Neko Case @ Elisabeth Murdoch Hall, Melbourne Recital Centre, 13.03.2019
Photo courtesy of @eliseormston
It’s been a busy week for live music all over Australia. There were so many tantalising acts, both local and international, I had to rationalise and choose how many gigs I could attend (unfair). By the time tickets went on sale for Neko Case at the Melbourne Recital Centre, I almost couldn’t justify the number of nights out in one week. But, when I was offered tickets to see Neko, there was no way in hell I could refuse.

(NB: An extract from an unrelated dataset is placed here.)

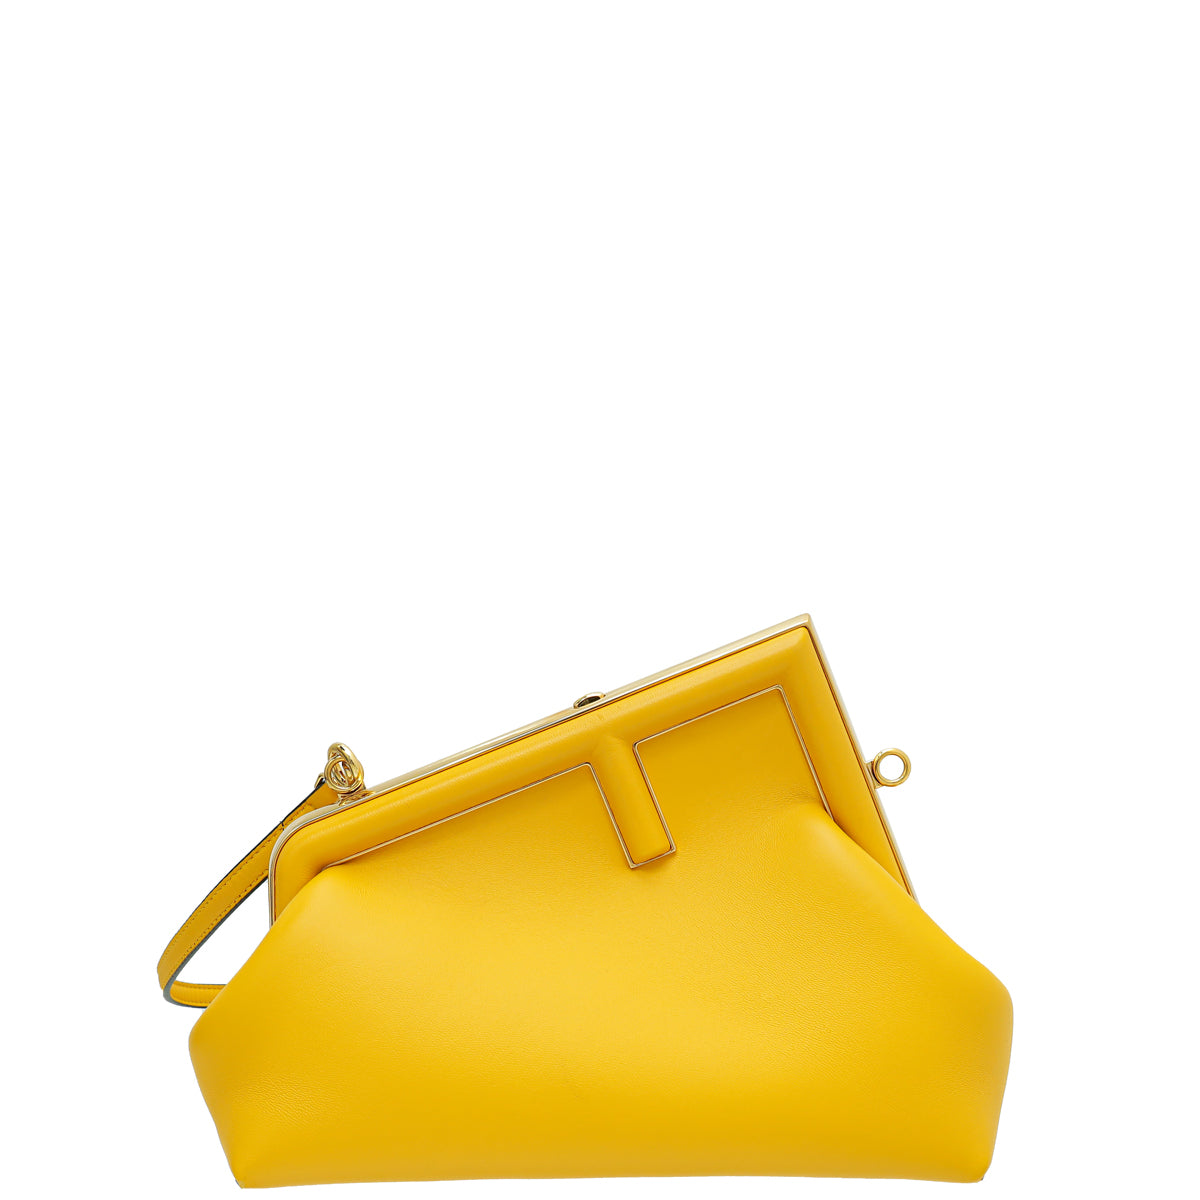 Fendi Yellow "Fendi First" Small Bag
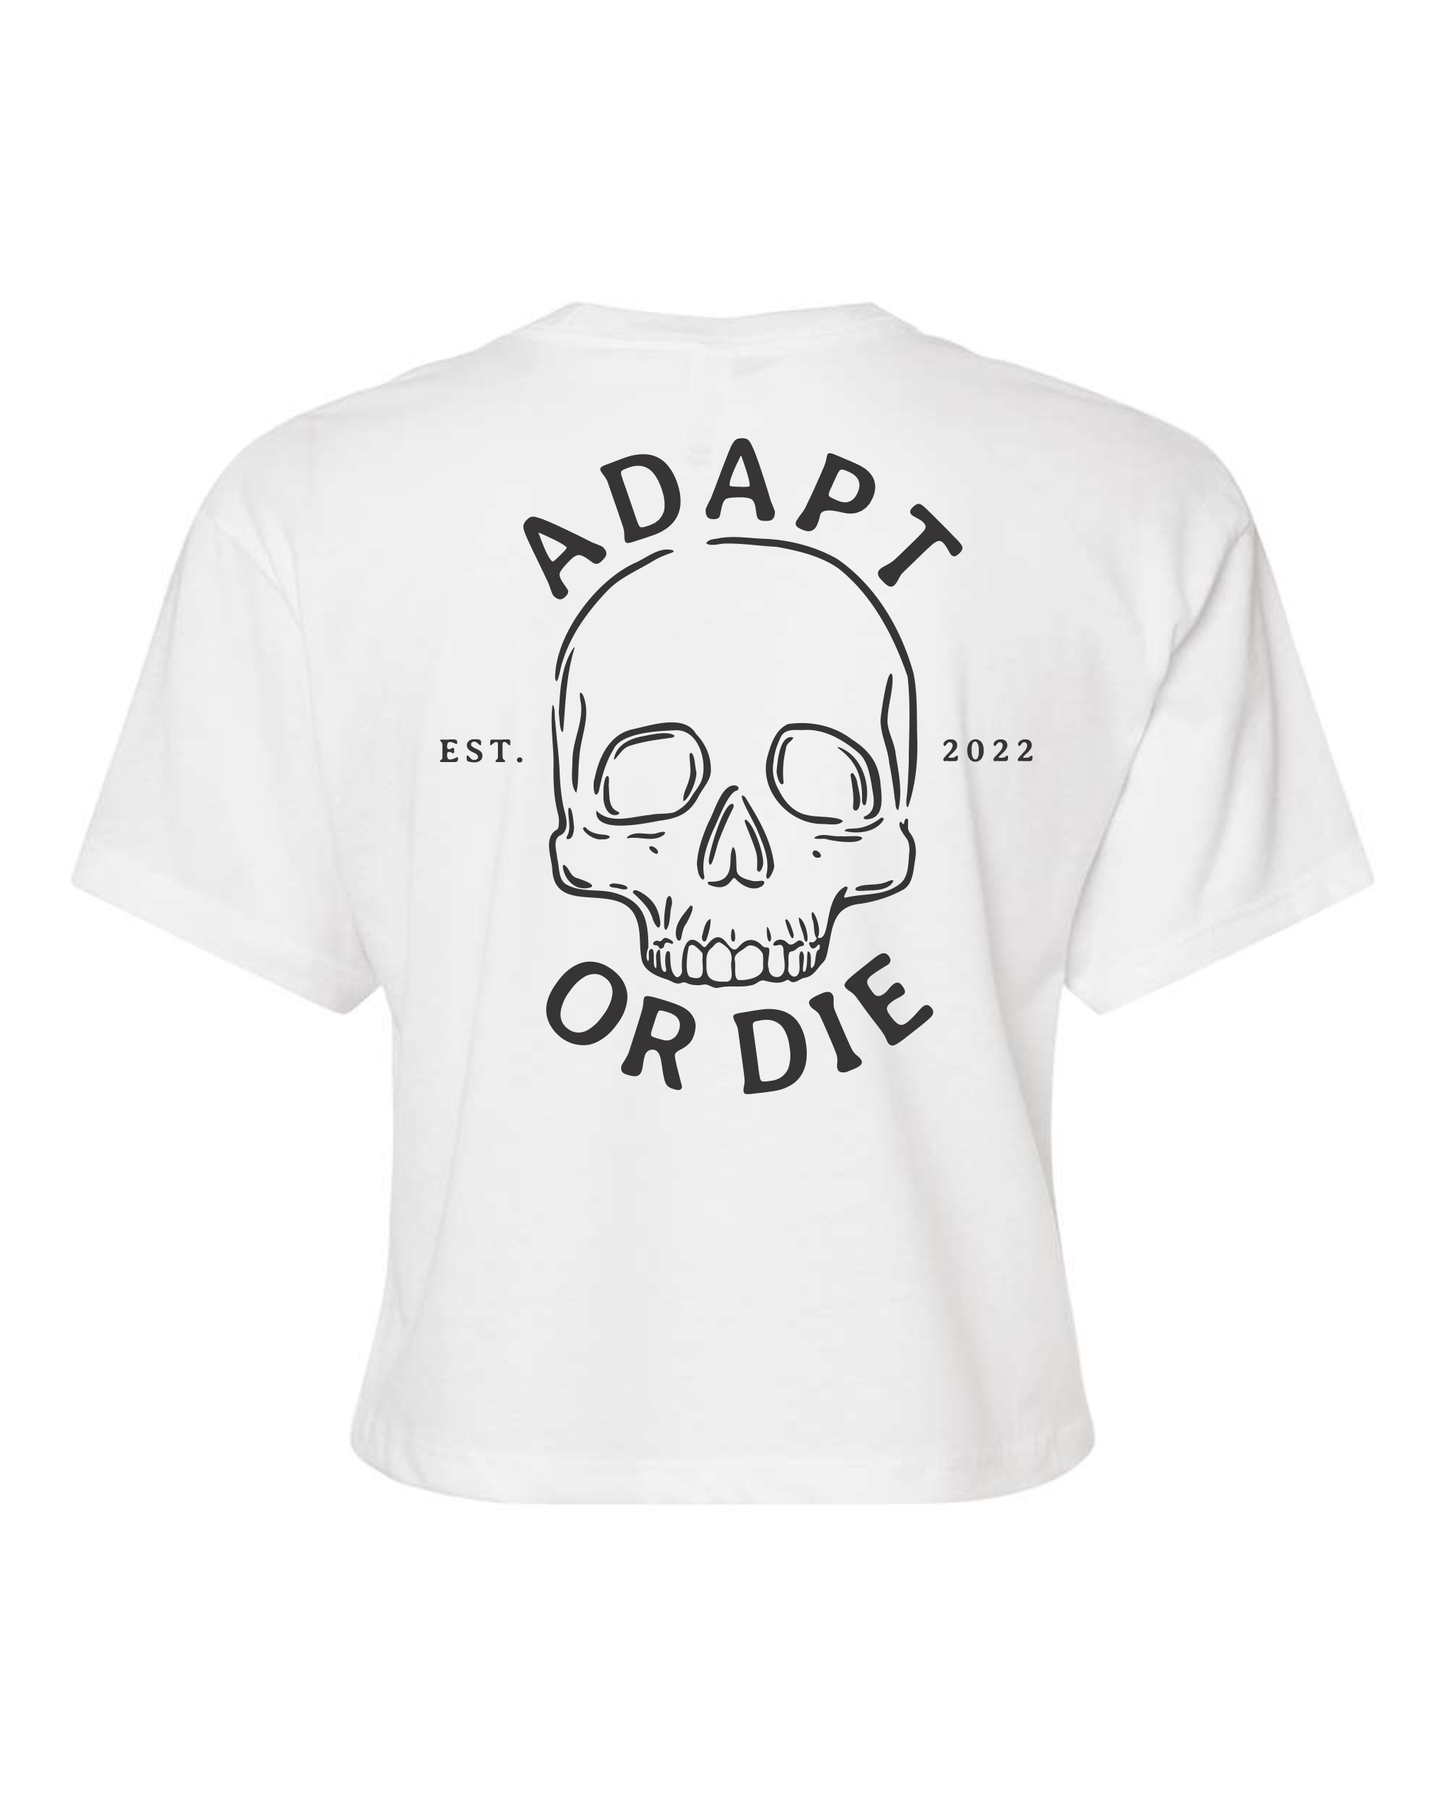 Adapt or Die Crop Top

Neko is a strong woman and individual thinker, a powerful songwriter and gifted vocalist. I saw her in 2014 at the Corner Hotel in Melbourne and was amazed how she belted out her tracks so pitch-perfectly. Heard her speak at Melbourne Writers’ Festival last year and managed to say hello and chat afterwards about rescued greyhounds (close to both of our hearts). She was jet-lagged but looking forward to touring her new album, Hell-On (Anti-), here in Australia after a five year hiatus.
At MWF she talked about losing her house and barn to a fire, but how her personal disaster seemed to pale in comparison to a bunch of simultaneous natural disasters. She spoke glowingly of a book, ‘The Amazons’ by Adrienne Mayer (2016), exploring the historical warrior women and the concept of women reclaiming strength and equity in this world. She described how the book helped her ‘feel like a super-powerful human being’ and allowed her to feel joy again.
Returning from the embers of her house-fire with vigour, she has rebuilt her life and released Hell-On in 2018. She’s been touring pretty constantly since.
At the first of her two concerts at Melbourne Recital Centre, she arrives on stage in her skeleton-print leggings and black top spangled in gold, her hair out and aflame. The audience are deathly silent, which is okay for the opening track, the slow-building ‘Pitch or Honey’. Neko’s every consonant and breath are audible, and I have to smile when she breaks into the chorus,
“Hey, I love you better when you’re wild
Suits you better if I say so.”
Kind of appropriate for this rather stilted audience.
‘Last Lion of Albion’, one of the catchiest of her new tunes, and ‘Deep Red Bells’ (Blacklisted 2002) stir the sluggish a little, but not enough (the songs were fantastic, c’mon people!).
Neko and her backing singers seem amused by the formal surrounds, complete with its carpeted stage. They take to chatting about that and the number of guitars they’ve brought with them; Neko estimates they’ve lugged over a shipping container–full (feasible given how many guitar changes they all make during the gig) plus they’ve been loaned a few handsome blue ones from Melbourne’s Harvester guitars.
Her six-piece band are tight, a collective of musicians from all over the U.S. it seems. They include regulars Paul Rigby (guitar), Jon Rauhouse (guitar and pedal steel) and Rachel Flotard (guitar and backing vocals). Neko plays 23 songs in total and never misses a note. Her voice is strong and pure throughout and she plays a plethora of guitars and tambourine. When she chats she’s kind of shy but funny.
It’s hard to define particular highlights. There’s plenty off Hell-On like the beautiful and fierce ‘Oracle of the Maritimes’, and the lilting ’Winnie’ with her triumphant refrain,
“We were warriors!
We clothed ourselves in the guts of our enemies!”
The fans appreciate older faves like ‘Hold On, Hold On’ (Fox Confessor Brings The Flood 2006) and ‘This Tornado Loves You’ (Middle Cyclone 2009), but I think everyone’s favourite on the night is ‘Man’ (The Worse Things Get, The Harder I Fight, The Harder I Fight, The More I Love You 2013) which is totally rockin’ with six different guitars playing to end the set. The band is on fire and sounds fantastic. So too, the encore of four songs is impassioned and they treat us to another guitar jam during the final song, ‘Ragtime’ (The Worse Things Get…). Neko is one consummate professional and can hold a hall in wonder. Thoroughly enjoyable.